After a bit longer they descended into the crypt, where Ronan had been puttering around, checking out the names on the tombs, and together they crossed the Thames on Millennium Bridge, a sleek silver footbridge that looked like something out of the future. Kit, in tour-guide mode, told them that when the bridge had first been opened, it had swayed slightly underfoot; the architect, asked to fix the design, had stubbornly maintained that his design wasn’t at fault, Londoners just walked too forcefully.

The closer they got to the Globe, the faster Kit walked, till he was almost visibly jittering with excitement. They picked up their tickets from Will Call and got into a line in the courtyard that surrounded the theater proper. Kit was shifting his weight from one foot to the other, tapping his toes, unable to keep still.

“Don’t waste all your energy yet,” Nita said. “You’ve still got a whole Shakespeare play to stand through.”

“Remind me why we’re standing?” Ronan asked.

“Did you want to pay thirty quid for a seat?” Kit said, trying to stay still for a moment and failing.

Nita rolled her eyes at Kit’s attempt to sound British. She caught a glimpse of Ronan mouthing “quid?” and shaking his head.

“Besides,” Kit said, ignoring them, “it’ll be great—seeing the play the way people saw it over four hundred years ago, on our feet!” And then he was off on another speech, rattling out details about the theatrical culture of the English Renaissance.

Nita met Ronan’s raised eyebrow with one of her own, and when they both turned away from each other to shake their heads derisively at Kit, Nita was smiling. Maybe having Ronan along wouldn’t be so bad after all.



Ronan took one look at the tiny hostel dorm and said, “Well, I need a drink.”

“Oh come on,” Kit said, “I’ve seen worse.” So it smelled a bit stale and the mattresses on the rickety bunk beds seemed a little lumpy and the carpet probably hadn’t started out being that shade of brown, but wasn’t that what you were supposed to expect from hostels?

Ronan slung his bag down on the bottom bunk in the corner, looked around him as though checking that the coast was clear, and then said a few words in the Speech under his breath. A glowing tab like you’d find on a zipper appeared in the air at about waist height, and Ronan slid it to the side, opening his personal claudication. He lifted his bag and neatly deposited it inside.

Kit watched it disappear from view with no small amount of envy, but he was committed to doing this without wizardry. With a sigh, he headed over to the bank of lockers along one end of the room and started the process of squeezing his backpack inside.

He had just managed to get the locker shut and secured with a heavy-duty combo lock when Nita entered.

“Hey, no girls allowed,” Ronan said mockingly.

“What, afraid I’ll give you cooties?” Nita replied. There was a laugh in her eyes and a smile on her face and Kit was struck, as he was on a regular basis, by just how beautiful she was, halfway through a laugh and ready for adventure. His Nita.

She caught him staring and blushed like they were still awkward teenagers trying to fool themselves into believing this relationship was anything other than inevitable. “Do we have any plans?” she asked.

Kit shot a glance at Ronan, who said, “I’m off for drinks with a couple of guys I met on errantry a while back. Don’t wait up,” he said, winking at Kit before sliding past Nita and out the door.

Nita raised an eyebrow in Kit’s direction. “Alright,” she said, “what’s going on?”

Kit reached out and caught up both of Nita’s hands with his and squeezed them lightly. “We,” he said, “are going on a date.”

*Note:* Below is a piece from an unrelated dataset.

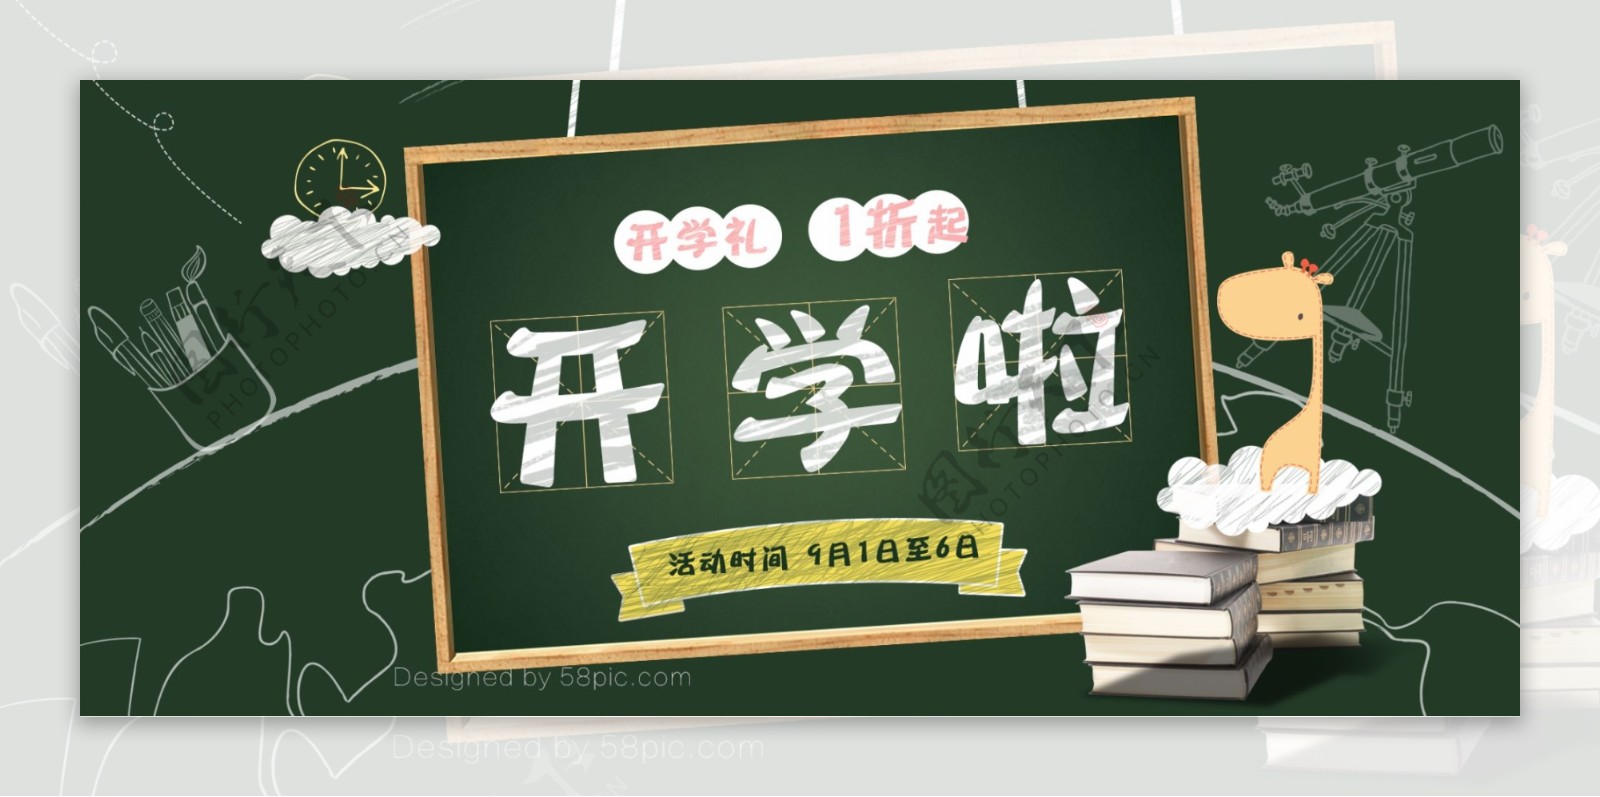 天猫淘宝天猫电商京东开学季促销文具书包海报banner模板

Kit had planned everything out well in advance. They were going to go to a small restaurant in Montmartre that he had found through one of his guidebooks, and where he had already made reservations; then for dessert they would walk down the street to a hole-in-the-wall crêperie; and then with their crêpes they would climb the steps up to Sacre Coeur and watch the late summer sun set over the roofs of Paris. It would be perfect. He knew he couldn’t make up for all the times he’d been too busy with school to give their relationship the attention it deserved, but he figured this was a pretty good start.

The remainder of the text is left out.